# sidevalve flat twin



## ownthesky2010 (Jul 26, 2015)

Hi All
Here is my second project.
Its a sidevalve twin of my own design.
Still a lot of tweaking and tuning to do but Im planning on putting it in a model plane and flying it.
[ame]https://www.youtube.com/watch?v=MBsCQWOtNkY[/ame]


----------



## Herbiev (Jul 26, 2015)

That runs great. Thanks for sharing.


----------



## Hopper (Jul 26, 2015)

Wonderful work. Sounds like a real goer!
What combustion chamber design did you use in the end?


----------



## kadora (Jul 27, 2015)

Hello
Very very nice work
What capacity and compression ratio has your engine?
what kind of glow plugs do you use?
Did you machine caruretor or it is some factory RC carb.


----------



## ownthesky2010 (Jul 27, 2015)

Thanks for the kind words.
Hopper, I will attach a pic of the head and some other bits.
kadora, the capacity is 22cc. Im not 100% sure of the compression ratio, I think its 8:1
Im using hobbyking no3 plugs but Im going to get Os f plugs to try. Its losing a bit of rpm when you take the driver off.
The carb is the same one I used for my single cylinder version, its a model car carb. I am going to change it to twin carbs soon but i will make them myself.
http://www.homemodelenginemachinist.com/showpost.php?p=261197&postcount=78


----------



## Hopper (Jul 27, 2015)

Nice. Looks just as lovely on the inside as it does running.  Looks like plenty of breathing space between the valve area and the bore area, which is more critical on a SV than the compression ratio that it costs. Will be interested to hear how it performs compared with a similar weight ohv engine in a plane.


----------



## Billitmotors (Jul 28, 2015)

G,day Ownthesky
Nice engine.and lovely machining job.
Back in 1990 I made a 20cc twin using the same single throw configuration. 
At the time I was teaching eccentric turning to a class and when driving home from work I used to see an old BMW motor bike with the eliptical cylinders and rocker box, with the pushrods coming up through the back of the cylinder fins. When I had first started the engine it had round cylinders and a single cam shaft on the top of the crankcase, after noticing the BMW I scrapped the original engine and made the eliptical version with the pushrods in the rear of the cylinder  and now twin camshafts in a conical back plate and engine mount. It runs well on the carburetta that I made but really performs on the second hand OS 60 carburetta that I bought from a mate.
If you are interested I will post a photo.


----------



## ownthesky2010 (Jul 28, 2015)

Thanks guys
Billitmotors, please post pics of your engine. I love to see how other people have done it.
Its interesting that you had the best results with a purchased carb. I had the same issue with the single I built.
When I tried running it with a home-made air-bleed type carb it wouldn't go past 7000pm, with a model car carb I got 9700rpm in the end.
Hopper, I am looking forward to getting it in tune and seeing how it stacks up. I will post numbers when I have them.
I did my usual trick of letting my excitement get the better of me and rushing the final assembly.
Now that the dust has settled I have done a bit of much needed inspection and found that one exhaust cam is out by 2 teeth, I'm losing compression in one cylinder due to a combination of the cam follower guides being a little too high thus preventing the cylinder from seating and the head o-ring groove not being deep enough allowing compression loss down the bolt holes as well as finding that my valve clearance is more than 0.2mm which has reduced the valve duration from 270 degrees to 240 degrees.
I have also got a bit of work to do on balancing the crankshaft. 
So all in all Im pretty sure there is more performance to be had


----------



## petertha (Jul 28, 2015)

Very nice looking (and running!) engine. May I ask a few questions about materials etc.?
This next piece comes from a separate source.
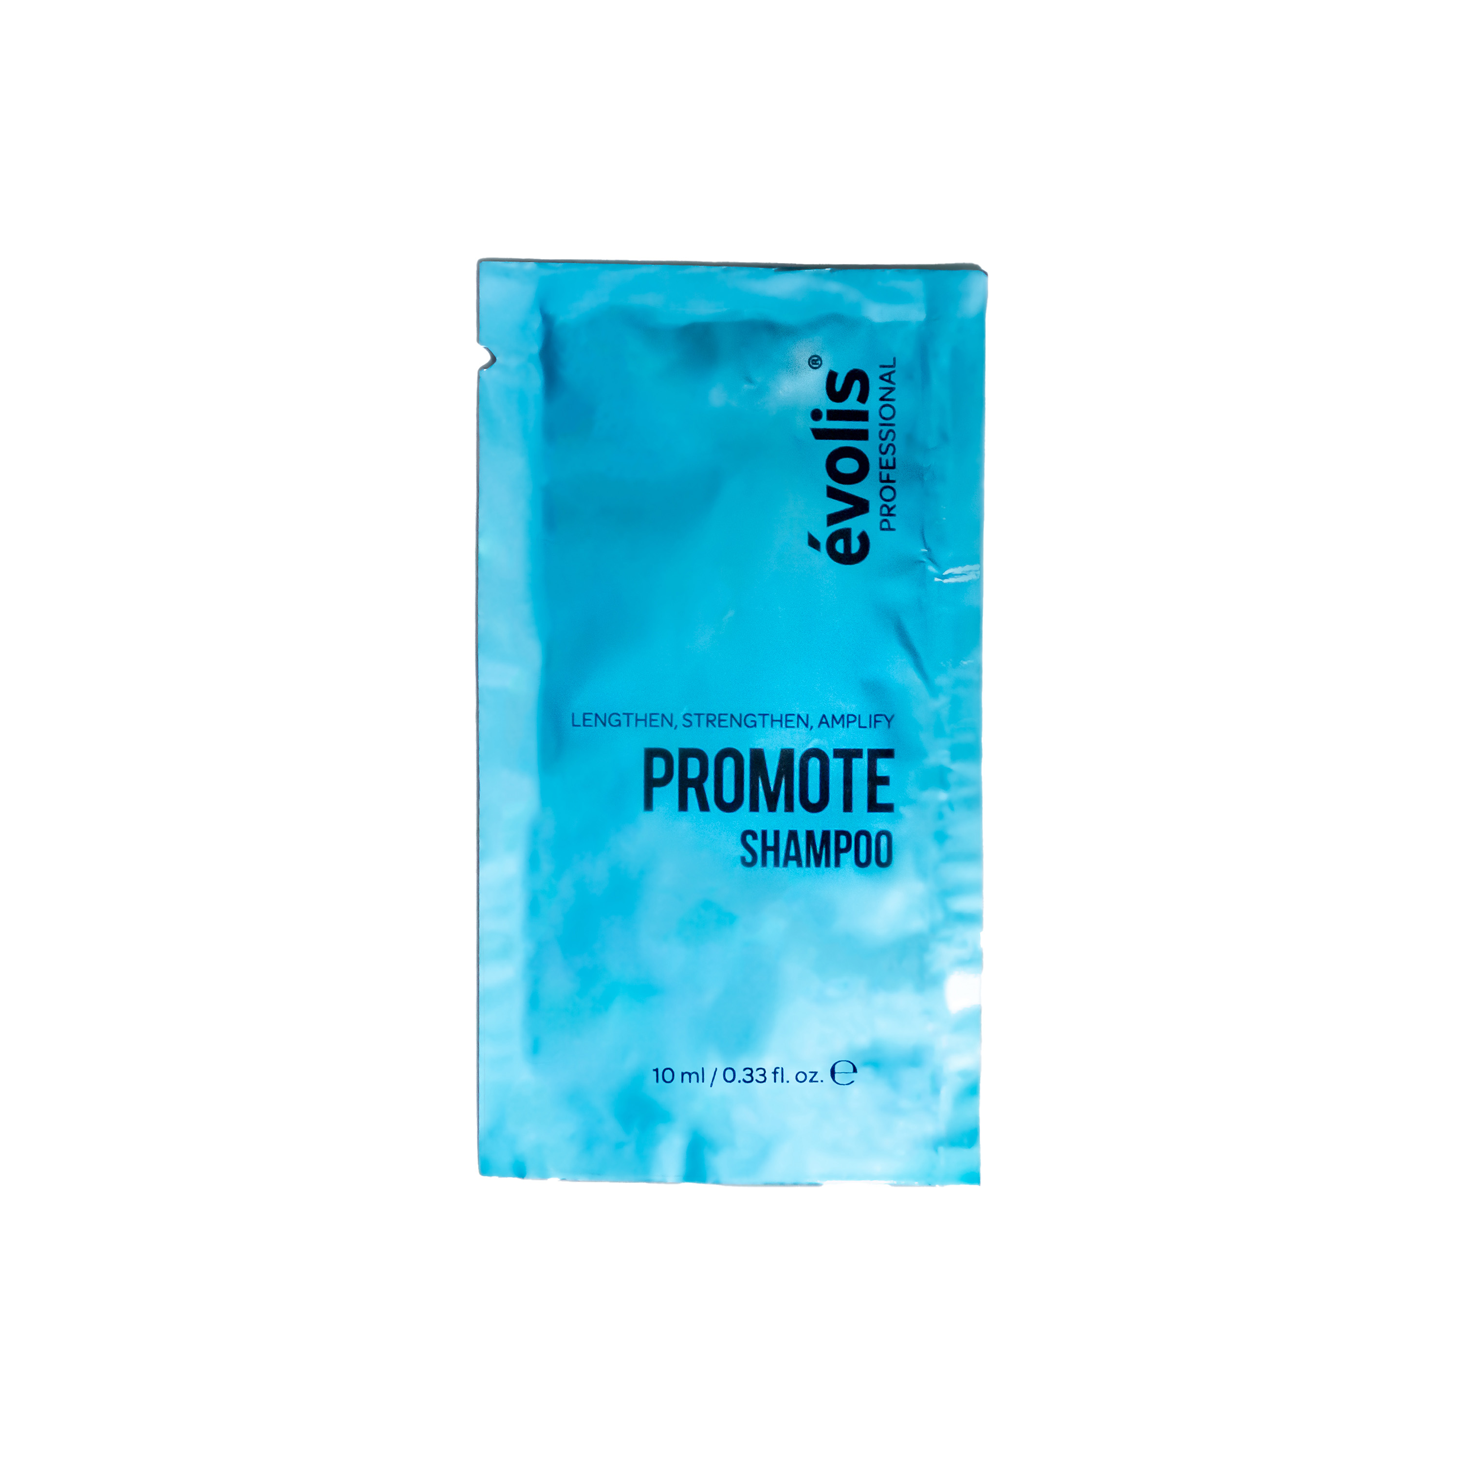 PROSHP10Promote-Shampoo-Sachet-10mL730x730_2xpx.png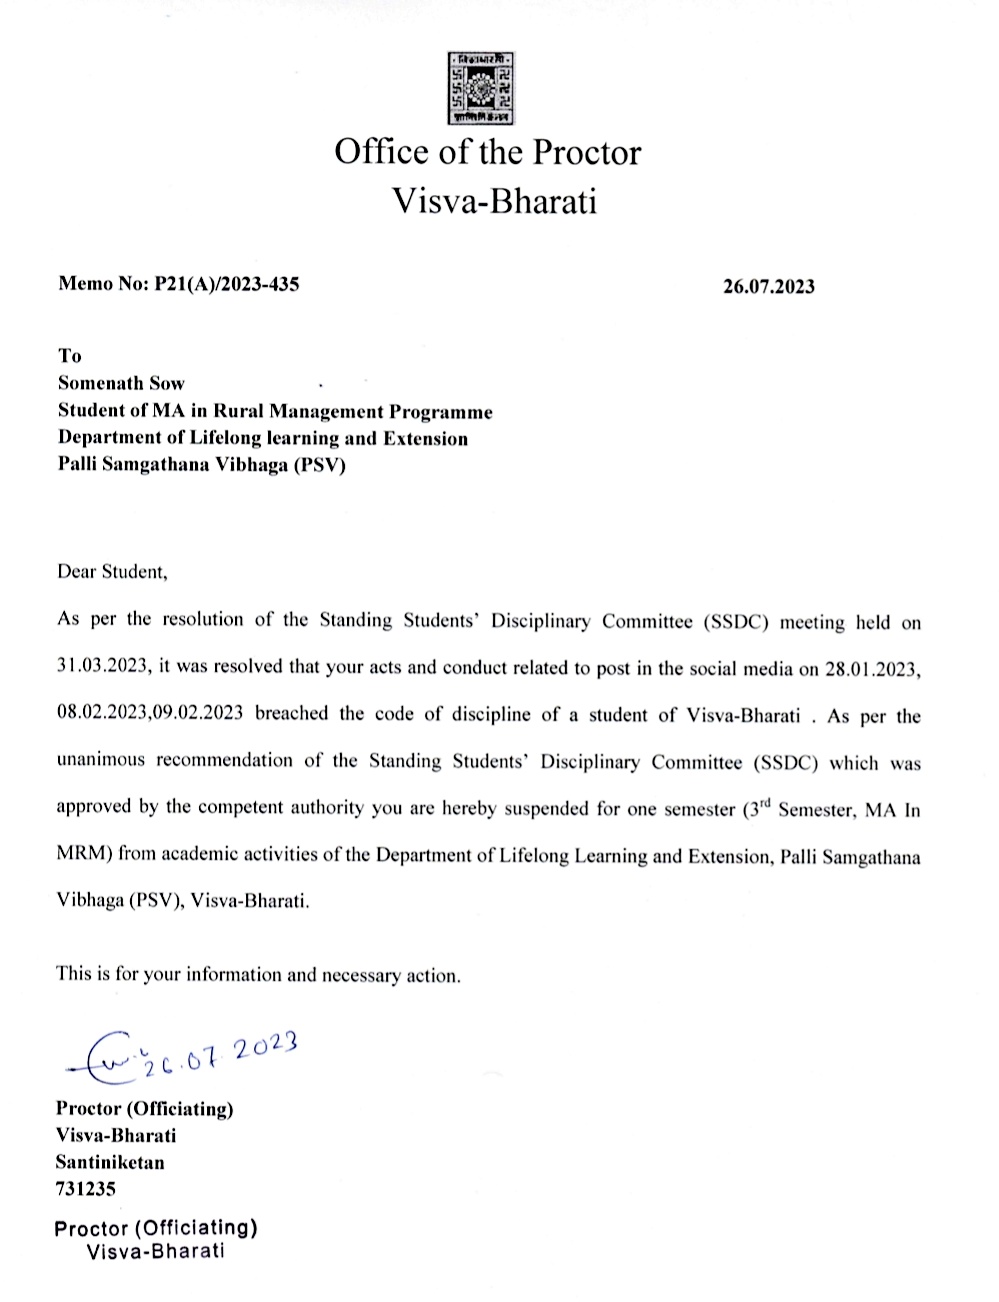 Letter to Somnath Sow by Visva Bharati

- what is the cylinder liner made from?
- are valve seats cut direct in the aluminum head, I cant quite see if there are seat inserts
- did you make your own rings? If so any special method or the popular Trimble-like method of heat setting on a dowel pin?
- what material for crankshaft?


----------



## Billitmotors (Jul 29, 2015)

Gday Ownthesky
       Here are some pictures of my twin it looks a bit grubby these days it was finished in 1990, the same year my eldest son was borne. Hence its name Little Pete. After that it sat in a cupboard for a very long time, but now with my three kids have grown up I get a bit more time to work on my other engines. It has had a lot of running and runs very smoothly and powerfully.
Rob.


----------



## ownthesky2010 (Jul 29, 2015)

Hi Peterha, I cheated and bought the rings and liners from hobbyking. They are for an ASP.60 and so cheap its not worth the time to make when there are more important things to build.
There are no seperate valve seats or guides, the valves seat directly on the aluminium cylinder. Both engines I have built had marginal compression when assembled and very strong compression after a couple of mins of running after things start settling in.
I have read that you can gently bash the valves to seat them in aluminium and I think I prefer the idea to any kind of lapping compound but thankfully i have not needed either.
The crankshaft is turned from an 8.8 bolt. I have built a couple of single throw cranks and I have found old bolts to be a good source.
There is much less stock removal and they are so easy to get. If 8.8 isn't strong enough there are high tensile options.
The crankpin is the same material and pressed in.
Billitmotors, thats a great looking engine. I like the fins on the crankcase. Did you ever put it in a model plane?


----------



## Billitmotors (Jul 31, 2015)

G'day Ownthesky
It has mainly been run on the bench but it has had about a half hour in the air, until dumb thumbs took over and the model didn't survive.
I started to build a new one but got side tracked with other things. I will have to get too and finish it as there isn't much to do.
Rob.


----------



## toolznthings (Sep 7, 2015)

Congratulations !! Very nice !  Sounds great, too.

Brian


----------